The room I stayed at was decorated in pastel colors and floral designs. The matching carpeting and curtains gave the impression of perpetual springtime. There were tons of current books and top magazines on the big, intricately carved mahogany writing desk. My large four-poster bed gave me the imagined bliss of royal tranquility. The mattress was so thick and soft at the same time, I felt like a princess.
If my room was memorable, what more my bathroom. It was also set in the same harmonious style and colors of the room. On my dresser table, I had the whole bath line and cosmetics of Christian Dior, "La Dolce Vita," (the sweet life very fitting to what I felt life was like when I was there), a sister company of the Veuve Clicquot company, owned by LVMH, or the Louis Vuitton Moet Hennesy group. It was generously large, inviting one to spend a lot of time in it. The patterned carpeting, marble from the Alps, solidwood, restored antique bathroom furniture and fixtures, large baths with lions feet, delightful little cupboards and a thousand and one details added to the refinement.

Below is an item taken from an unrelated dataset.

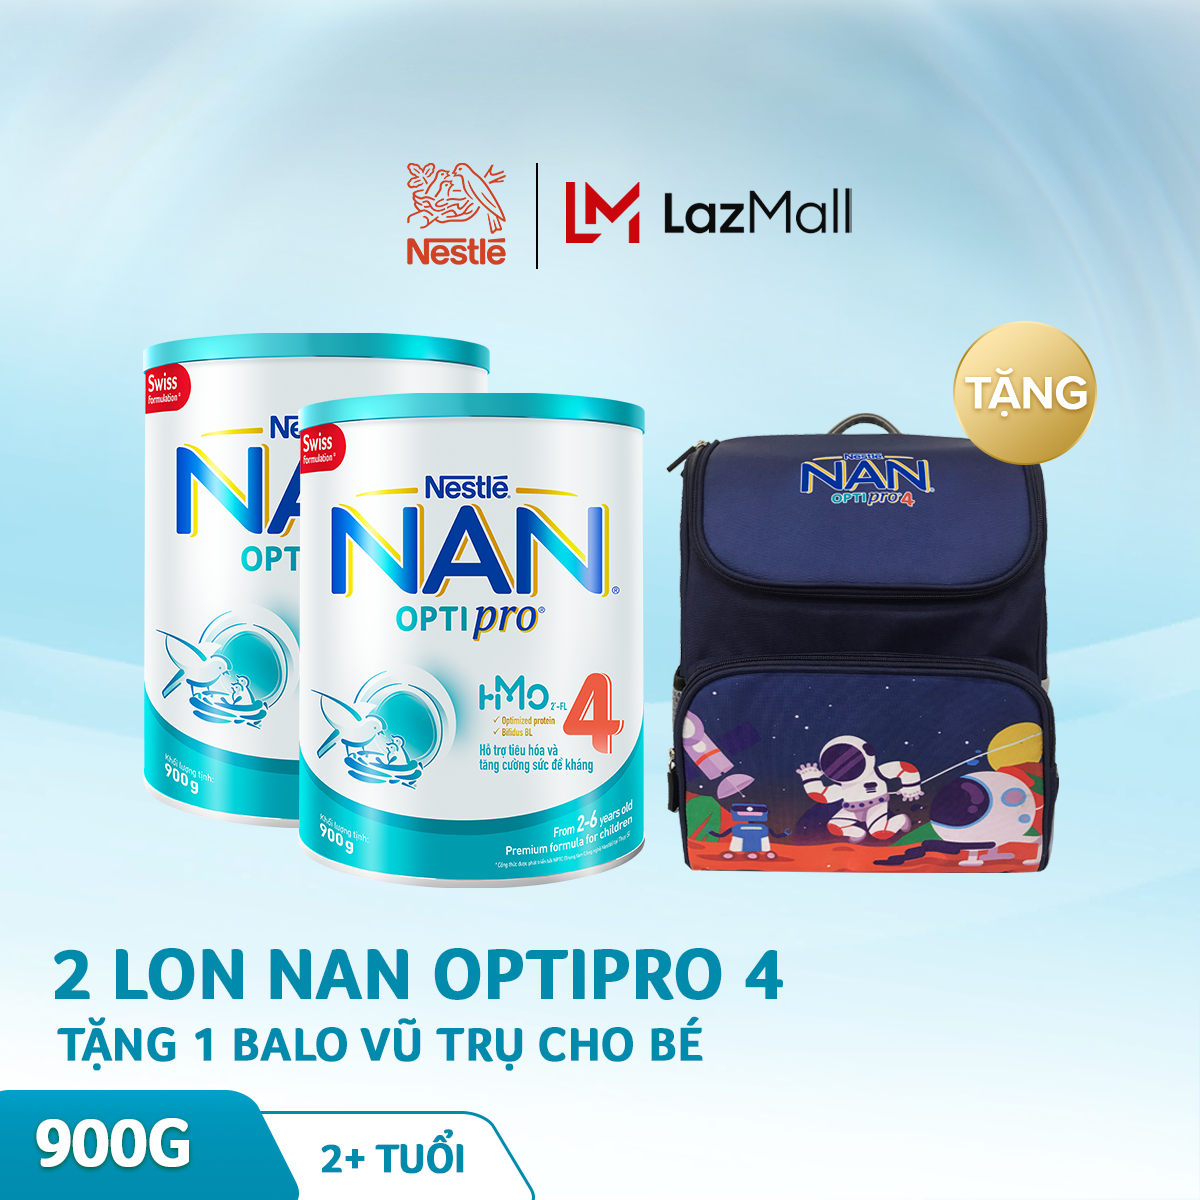 Bộ 2 lon sữa bột Nestle NAN Optipro 4 cho trẻ trên 2 tuổi 900g + Tặng 1 balo vũ trụ cho bé

With its wide, high windows, the Hotel du Marc is constantly bathed in light. Decorated with large red flowers, the other rooms like the "Montfleury" room reflects the morning light, inspiring energy and vitality. A little further down, the "Four Seasons" room is a eulogy to the sun, with a dominant brilliant yellow. It houses a moving heirloom: the very same writing desk Madame Clicquot used in evenings past, writing letters after inspecting the vineyards and cellars.

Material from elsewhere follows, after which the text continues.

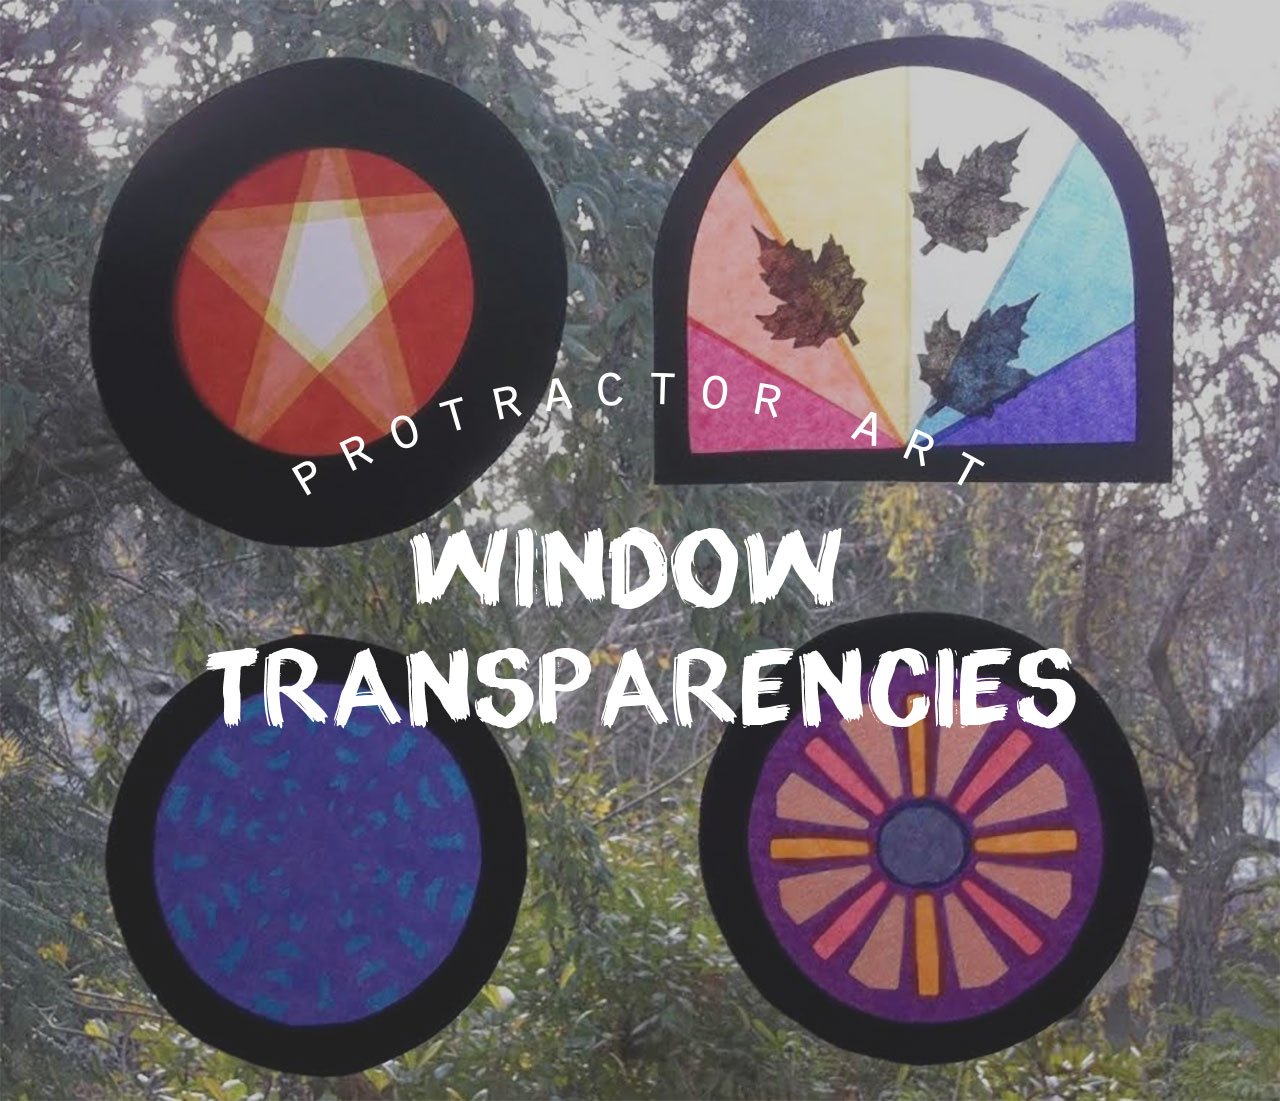 Protractor Art: Window Transparencies

At Hotel du Marc, nature is close by and all the pleasures of the senses are aroused.
On my last day, a limousine waited for me outside the grand entrance. I had no choice but to leave the Hotel du Marc and return to the busy world that I forgot all about during my stay. I would take memories with me of this haven of peace. Hopefully, I would be back soon to enjoy the tranquility that Hotel du Marc allowed me to experience.